Ścisnęła torbę z zakupami i obróciła się na pięcie, odchodząc. Nie miała najmniejszej ochoty na tę rozmowę. Ostatniej nocy wyznała wszystko, co miała do powiedzenia.

Max jednak nie dawał za wygraną. Ponownie chwycił ja za rękę. Musiała z nim porozmawiać. Musiała zrozumieć, że on ją kocha i ona kocha jego, choćby nie wiadomo jak bardzo temu zaprzeczała. Jego umysł opanowała jedna maniakalna myśl, że to mutanci ją nastawili przeciwko niemu.
- To przez nich.

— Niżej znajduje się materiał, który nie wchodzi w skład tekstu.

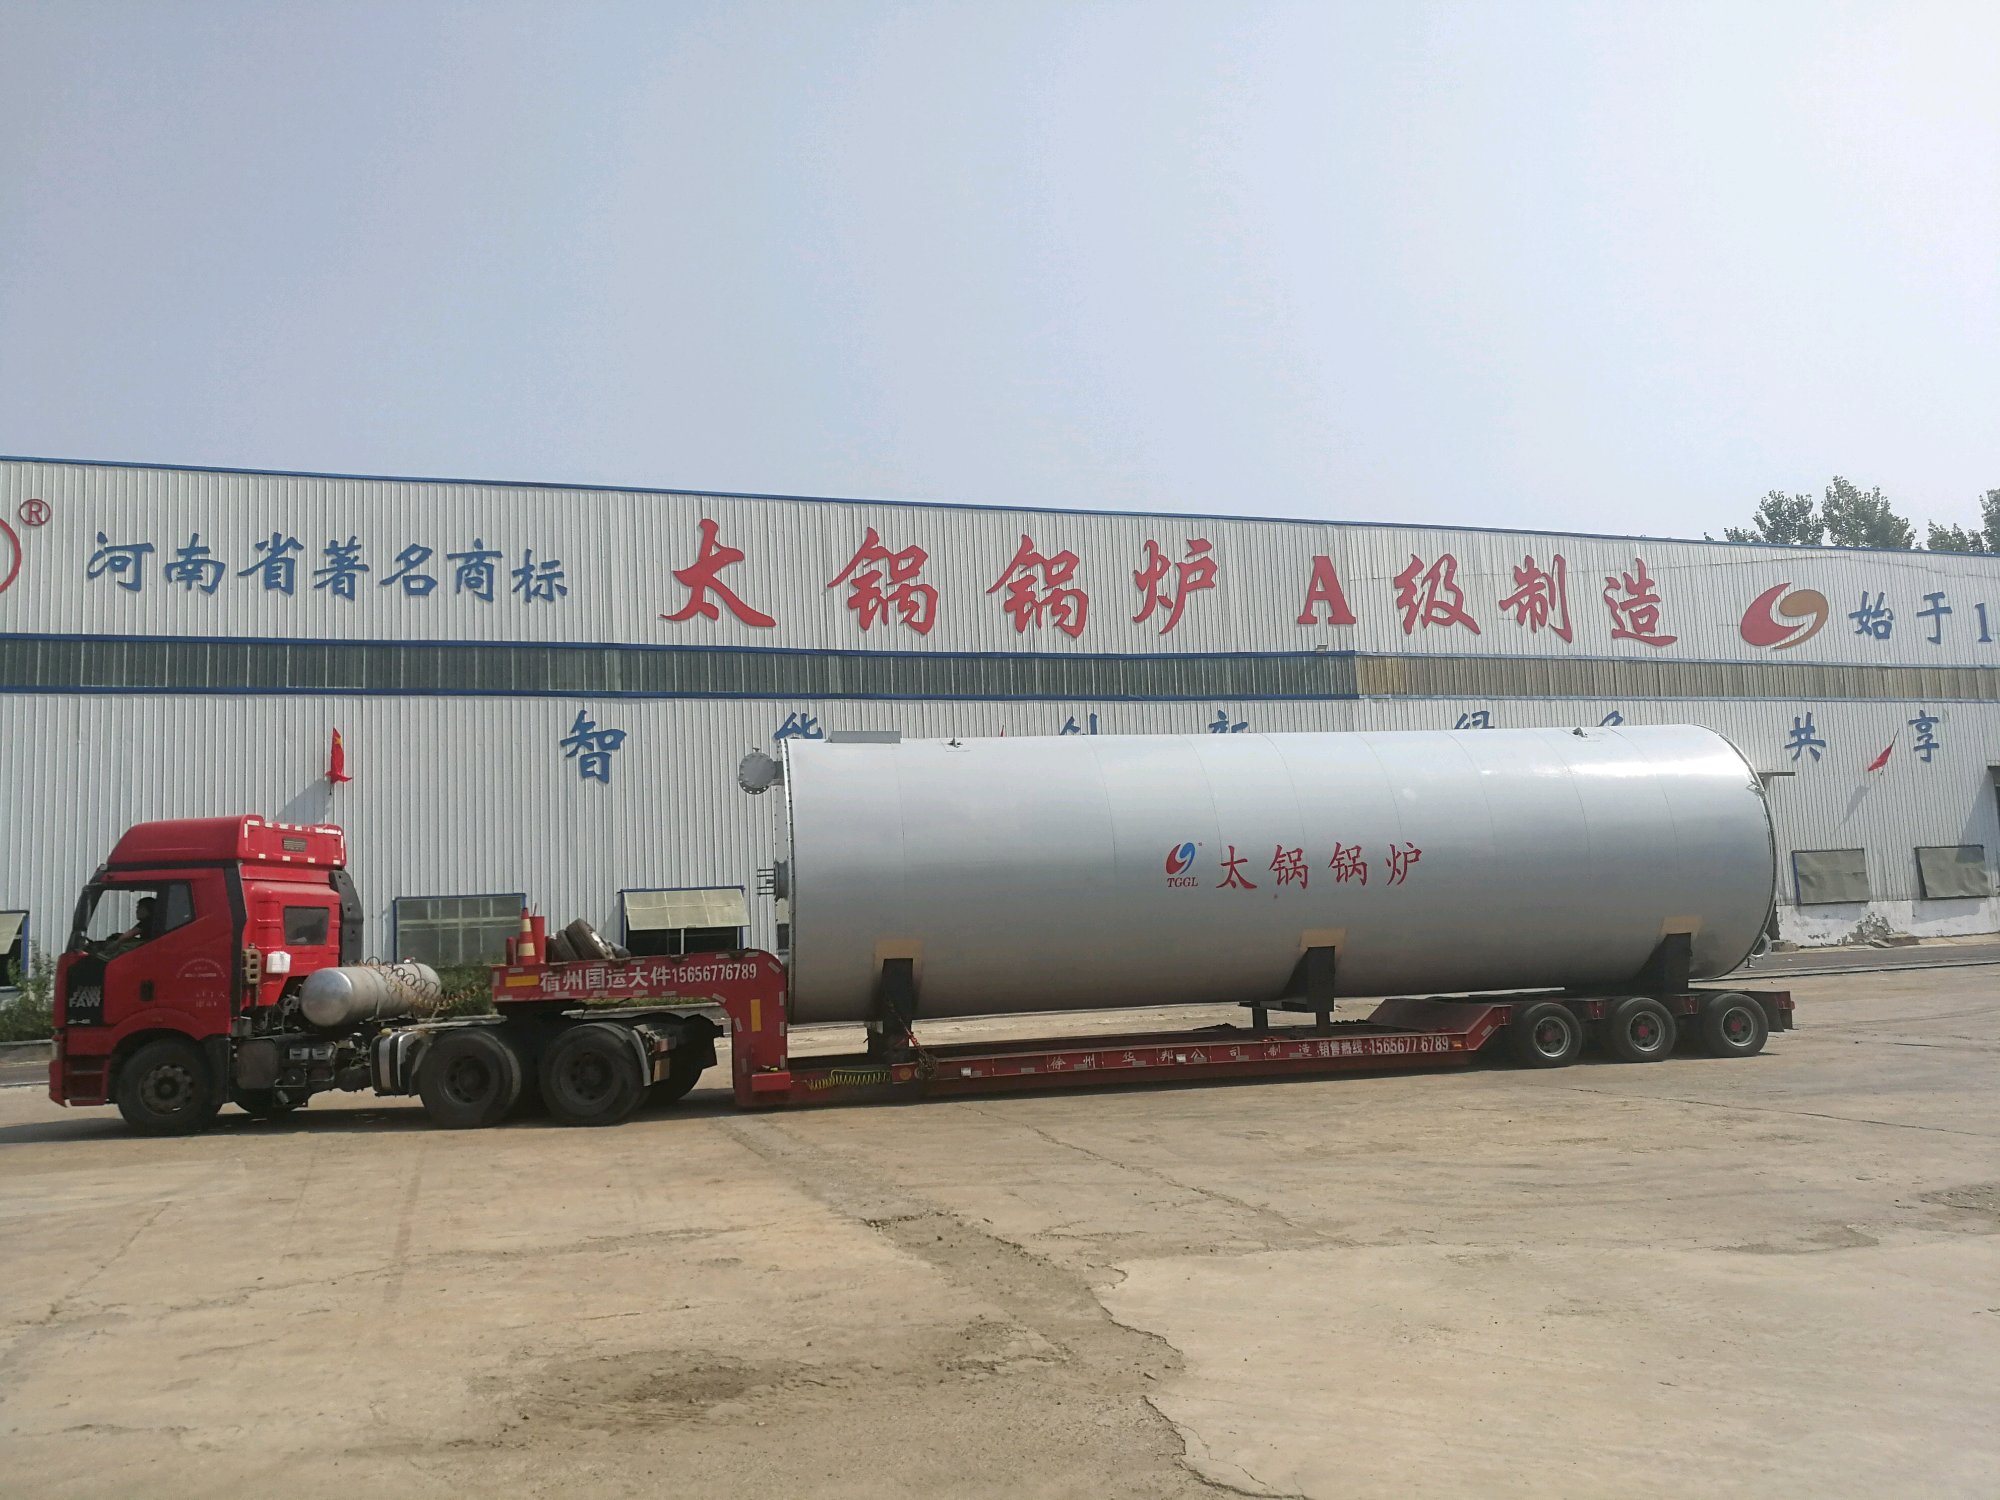 上海太锅锅炉制造有限公司燃气锅炉和导热油炉发货中

Przez niego – rozpacz przekształciła się w złość – Widziałem jak na ciebie patrzy – wzrok Liz przesiąkł przerażeniem – To ten mutant chce mi cię odebrać.
Dreszcz wstrząsnął jej ciałem. Jak on śmiał oskarżać innych o to, że nie chce z nim być? Oddech Liz przyspieszył a mięśnie napięły się. Jeśli już chciał kogoś obwiniać, to powinien spojrzeć w lustro. Ciepło w jego tęczówkach zamieniło się w gniew.
- On ma na imię Alec – syknęła, wyrywając się z uścisku – A ty nie masz o niczym pojęcia. Powtarzam ci po raz ostatni... Nie zbliżaj się do mnie.
To powiedziawszy, pospiesznie odeszła, starając się nie myśleć o tym, że mógłby ją dogonić. Gwałtowny oddech wrócił do normy dopiero przy wyjściu z centrum handlowego.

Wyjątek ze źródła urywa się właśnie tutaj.